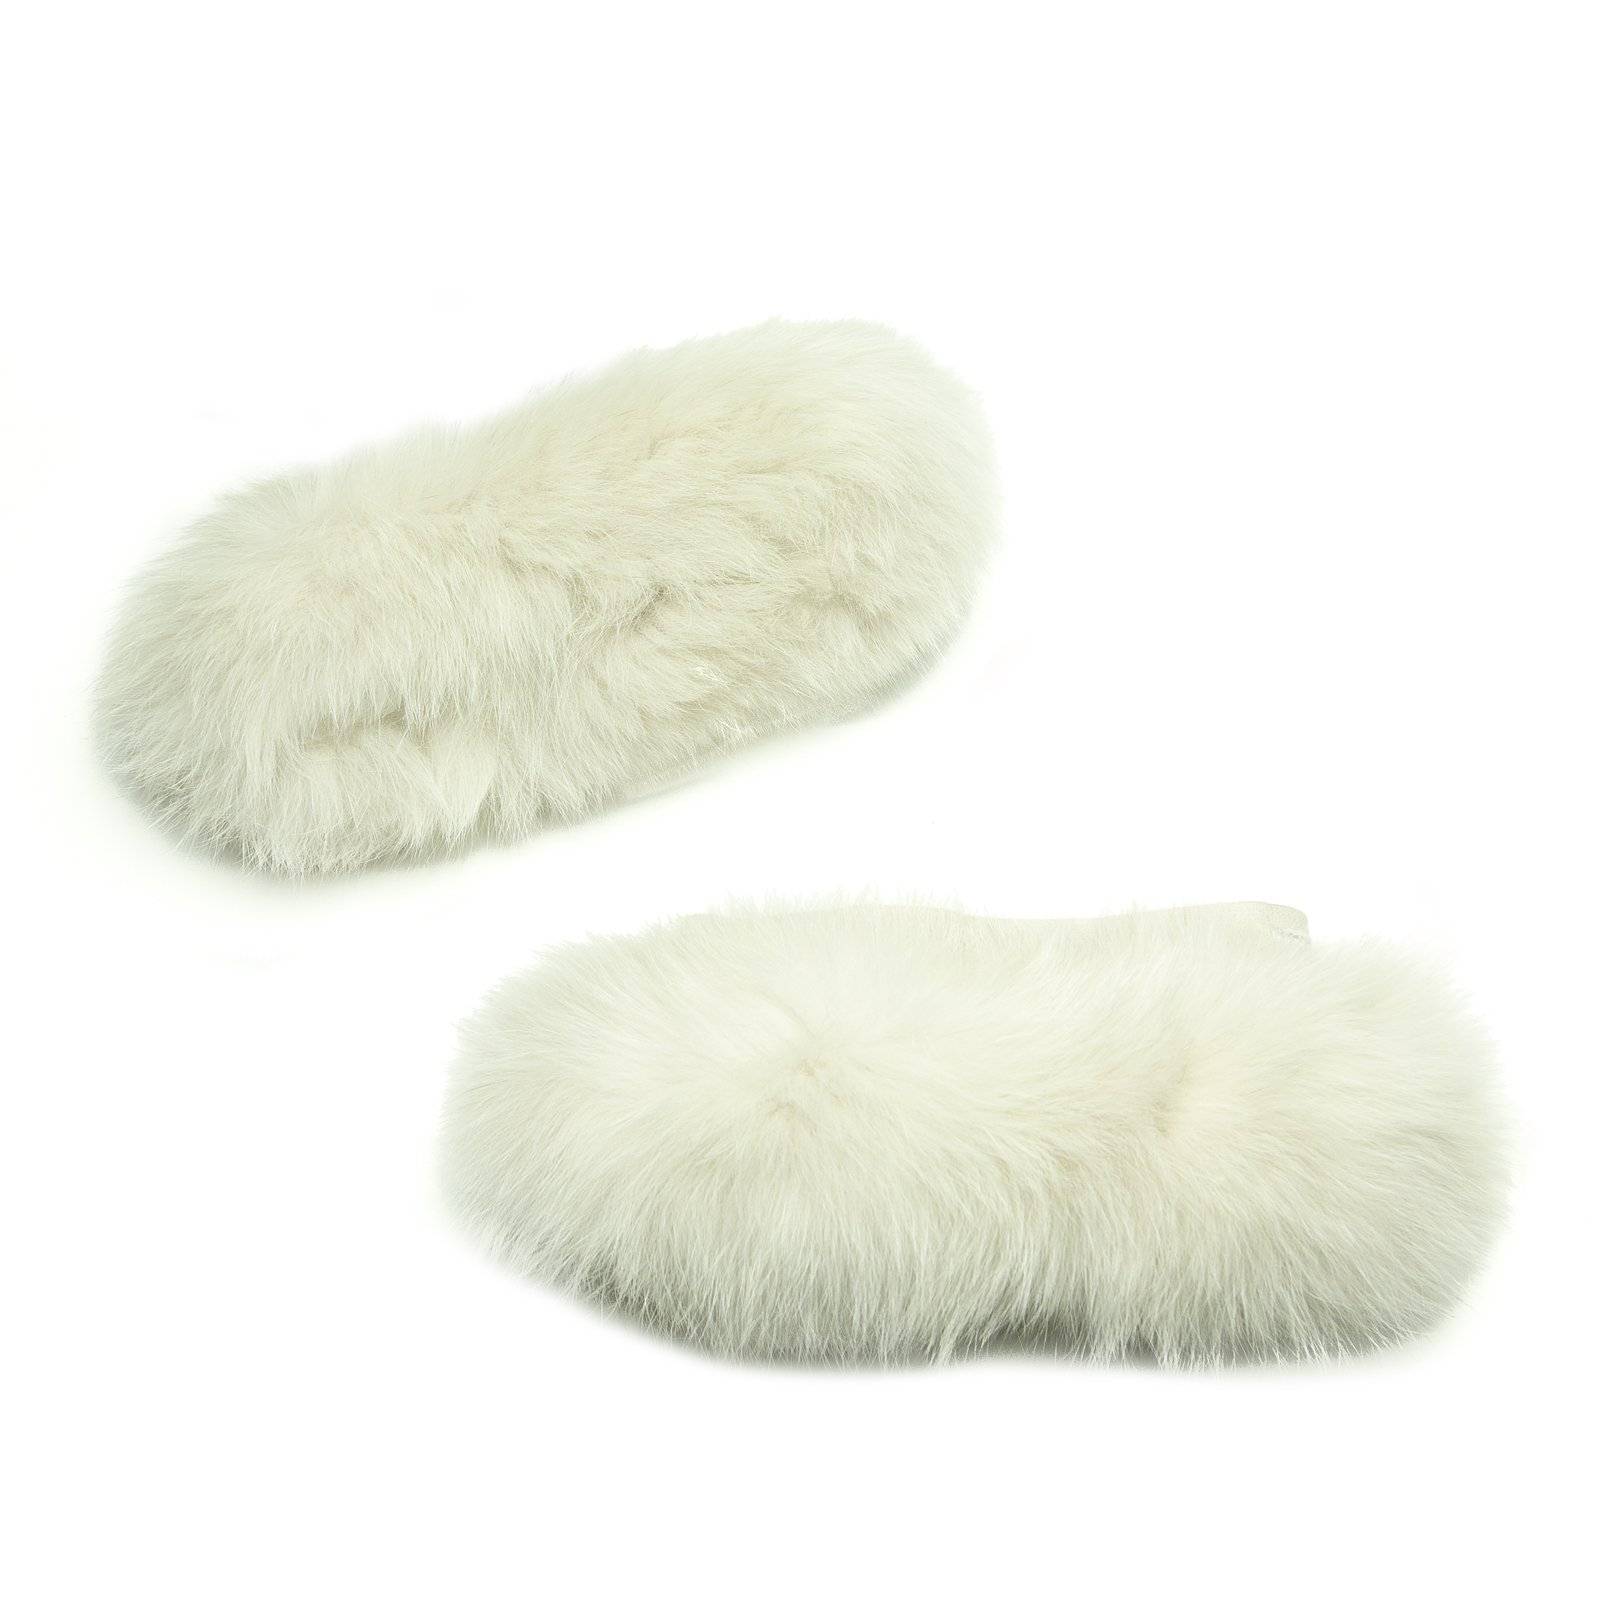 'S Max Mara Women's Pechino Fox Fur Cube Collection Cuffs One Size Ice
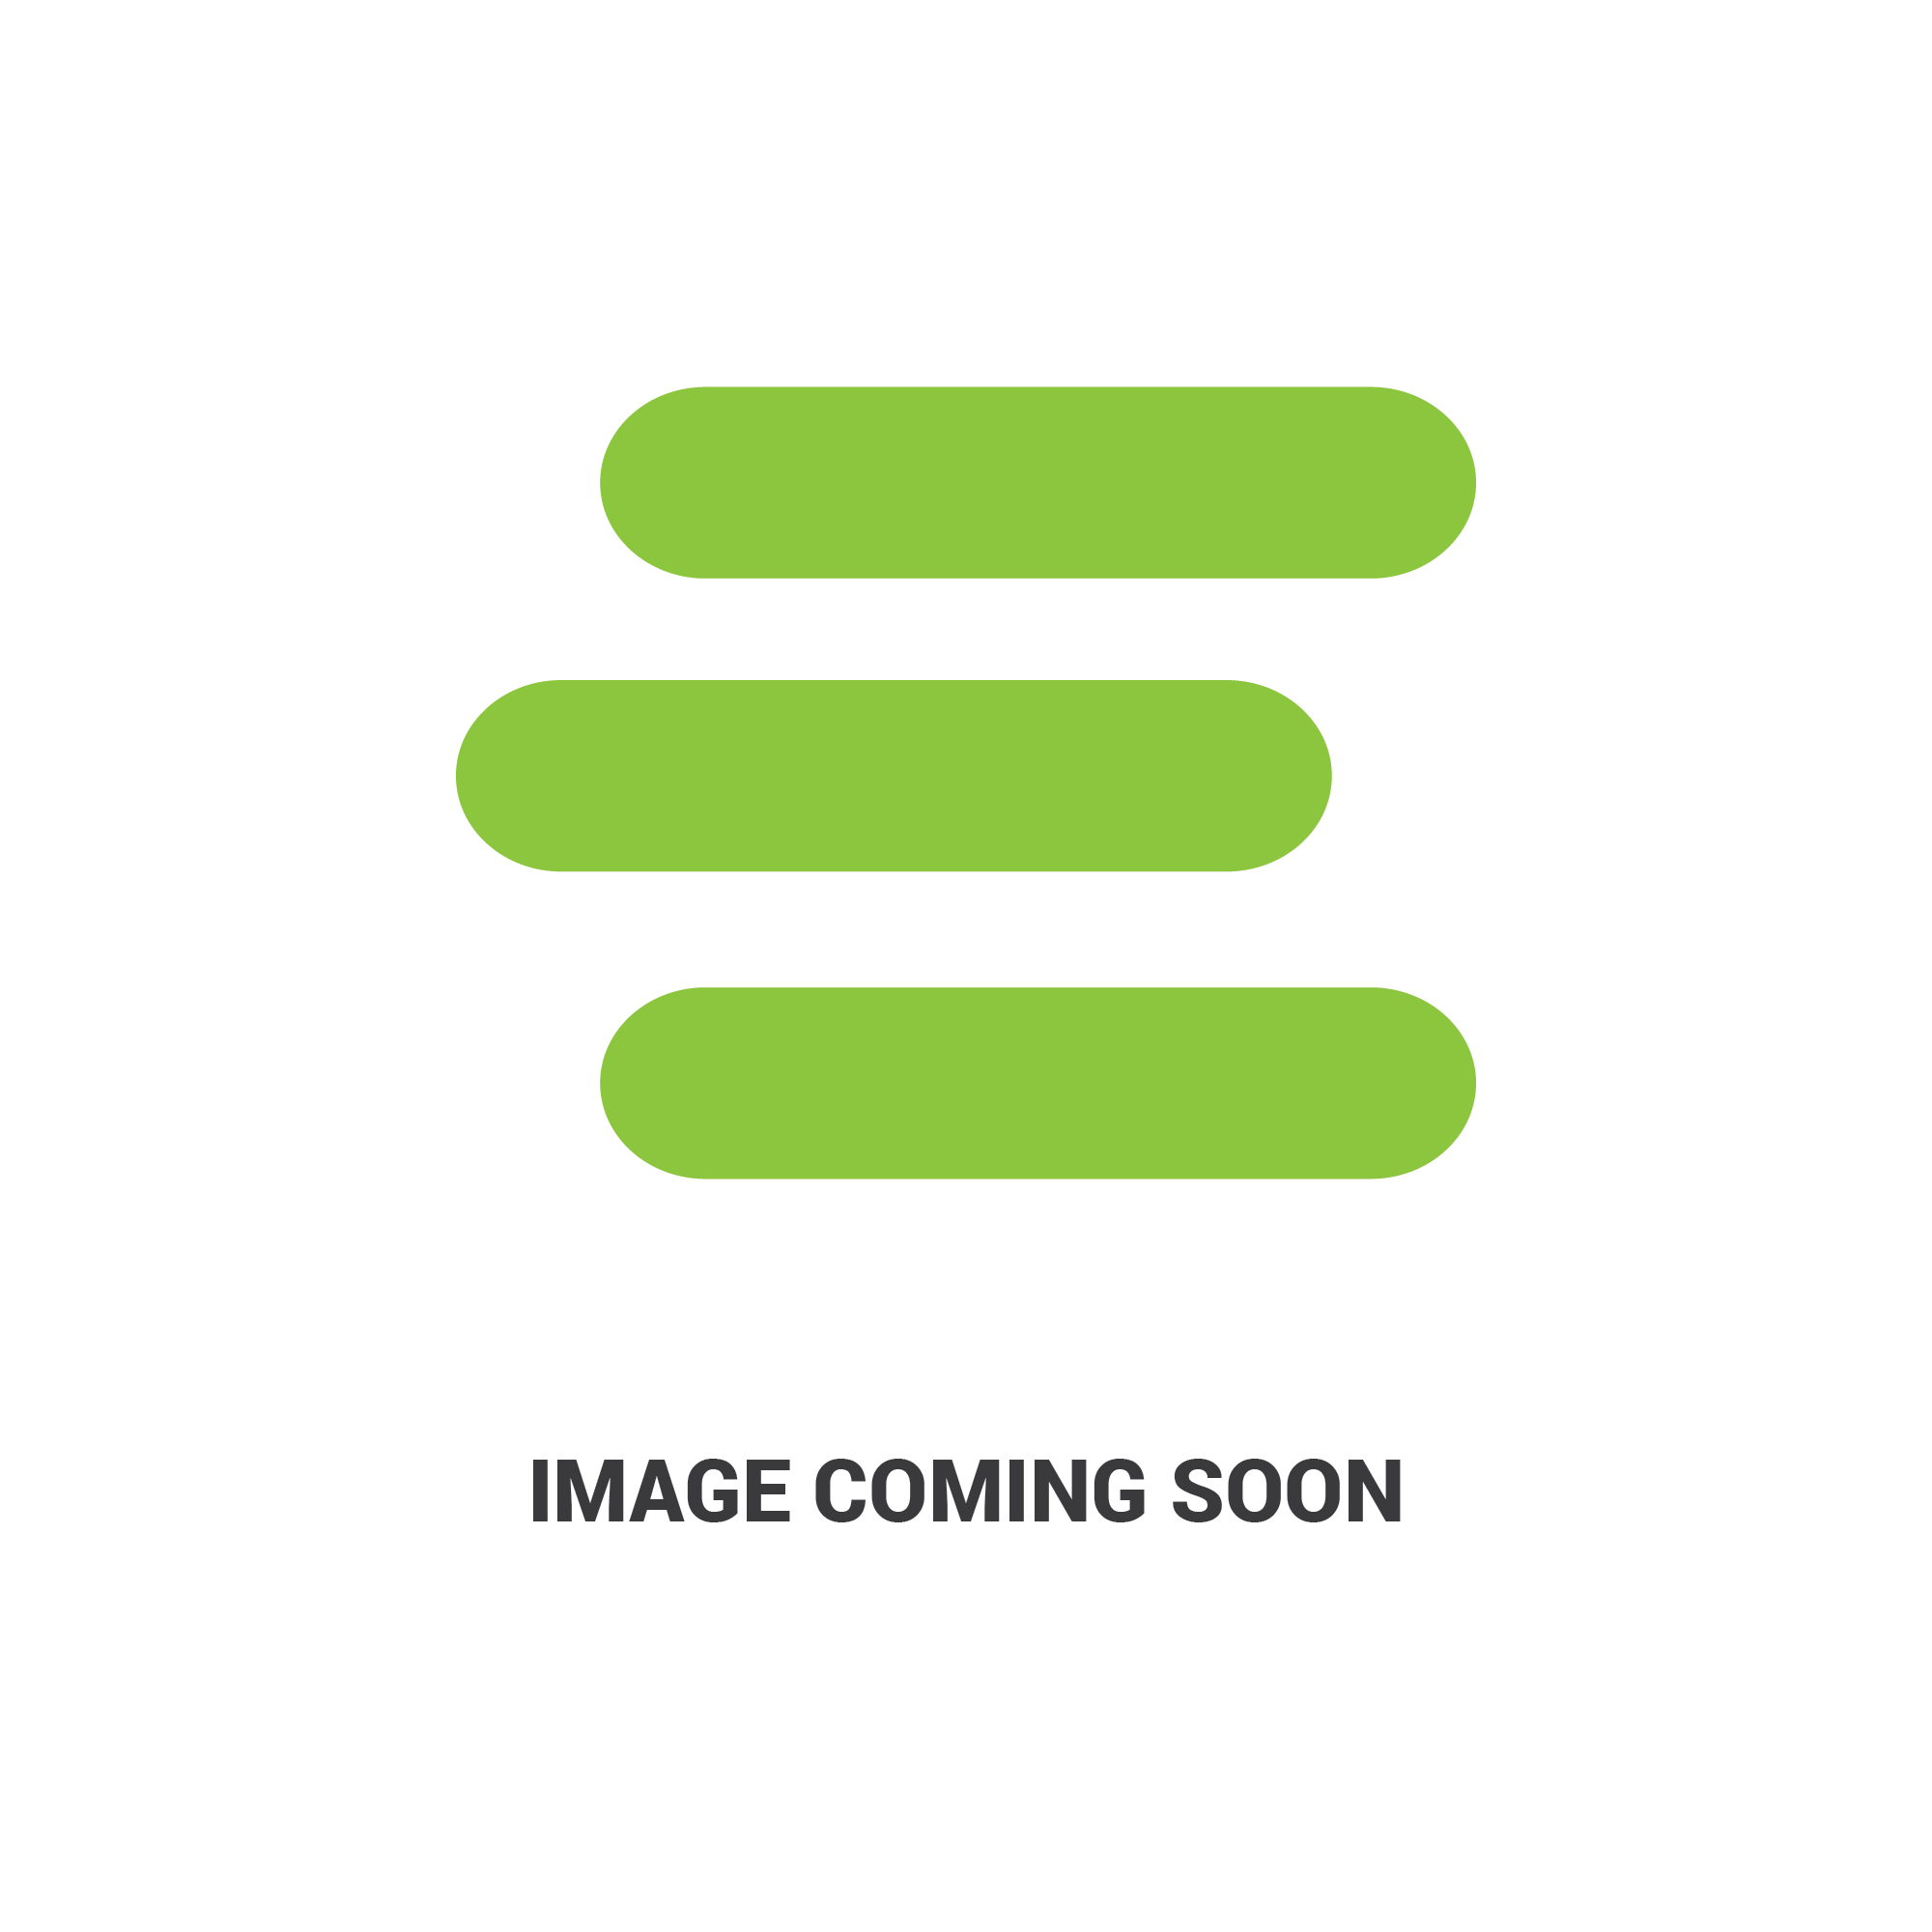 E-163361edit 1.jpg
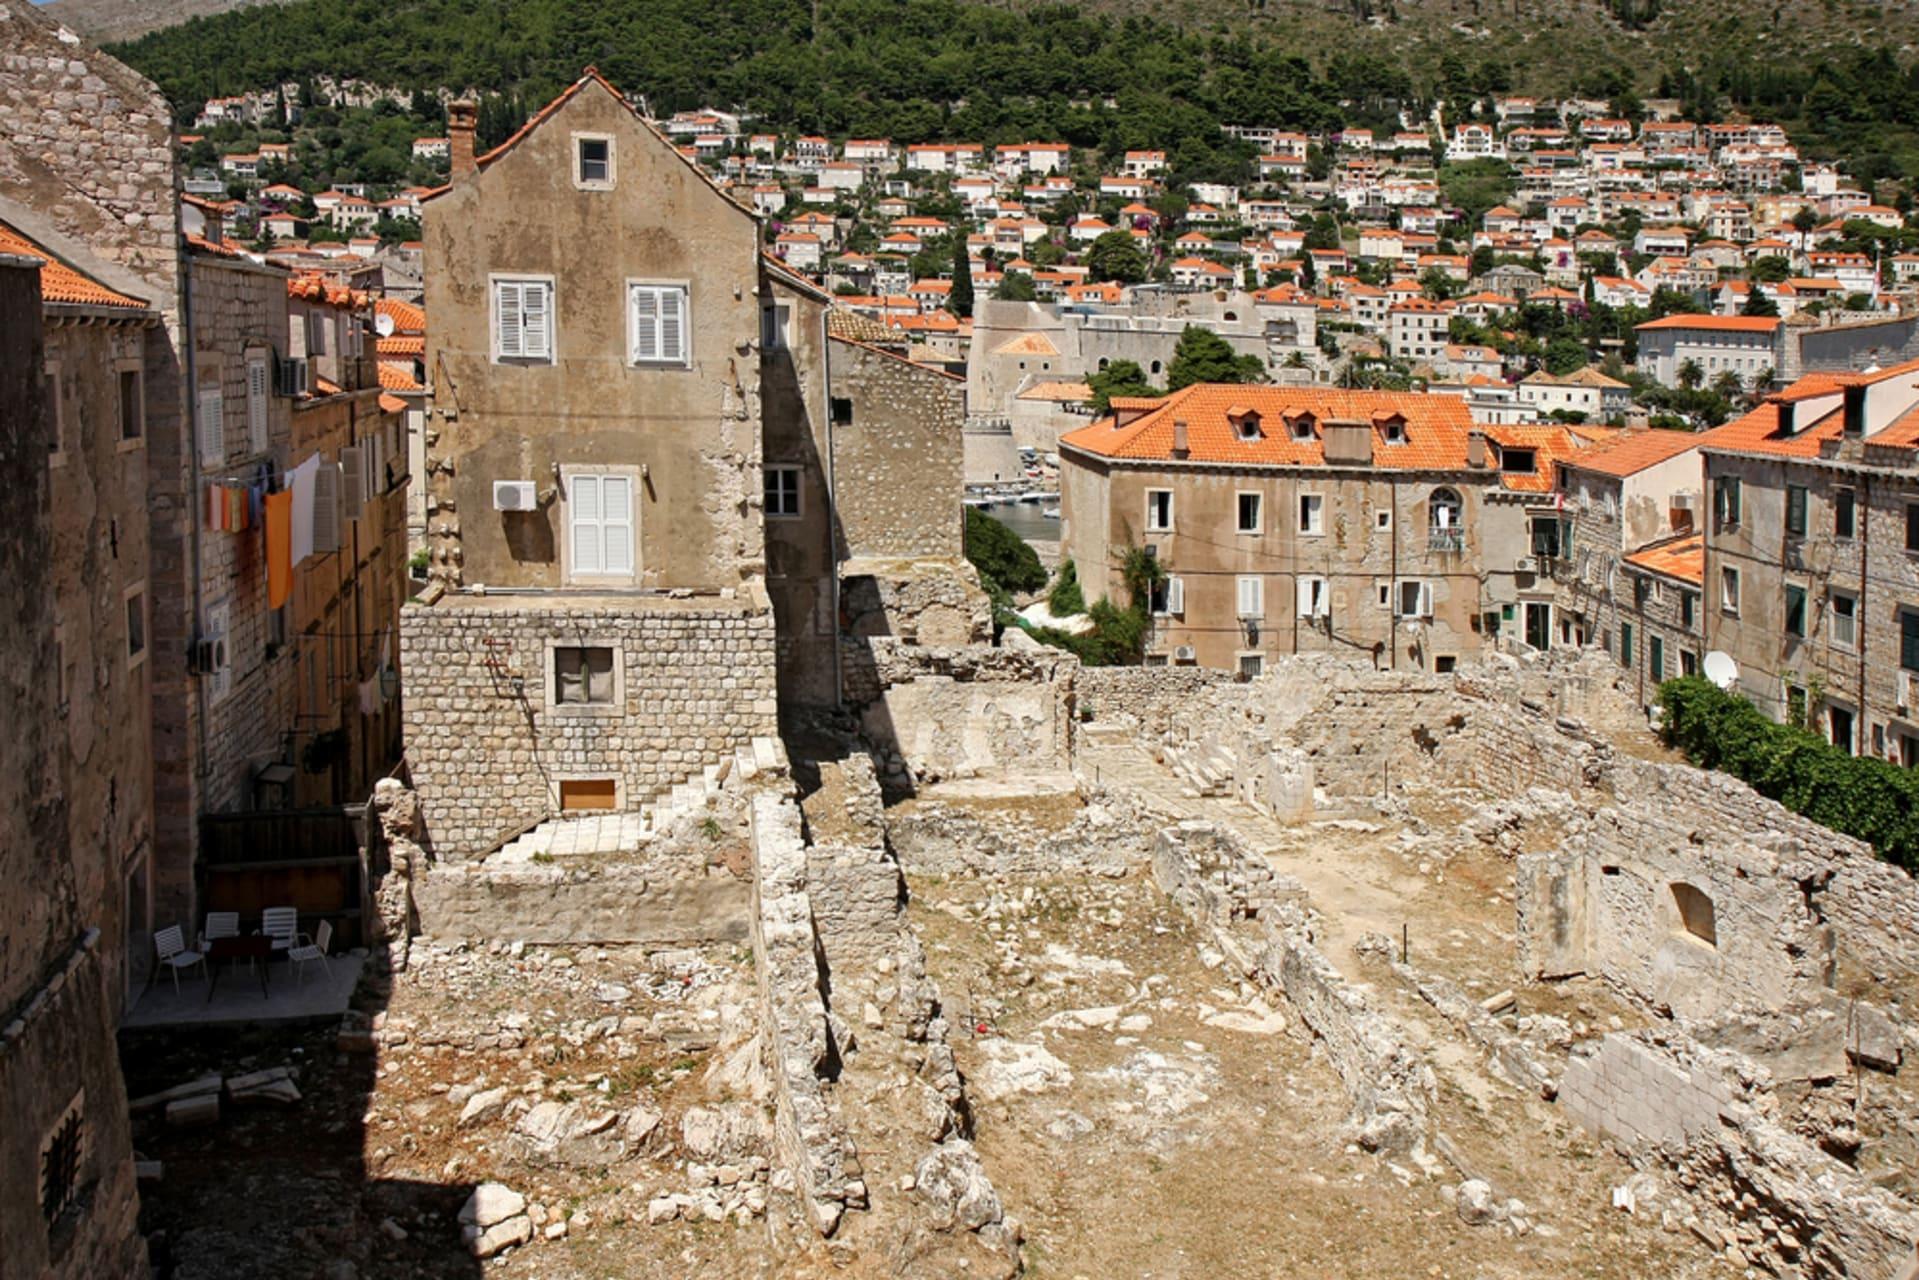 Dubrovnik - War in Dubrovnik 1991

----

*DESCRIPTION OF THE TASK*
The pictures are not wanted, but every line of the listing should be duplicated exactly.

*SOLUTION TO THE EXERCISE*
 'S Max Mara Women's Pechino Fox Fur Cube Collection Cuffs One Size Ice
 E-163361edit 1.jpg
 Dubrovnik - War in Dubrovnik 1991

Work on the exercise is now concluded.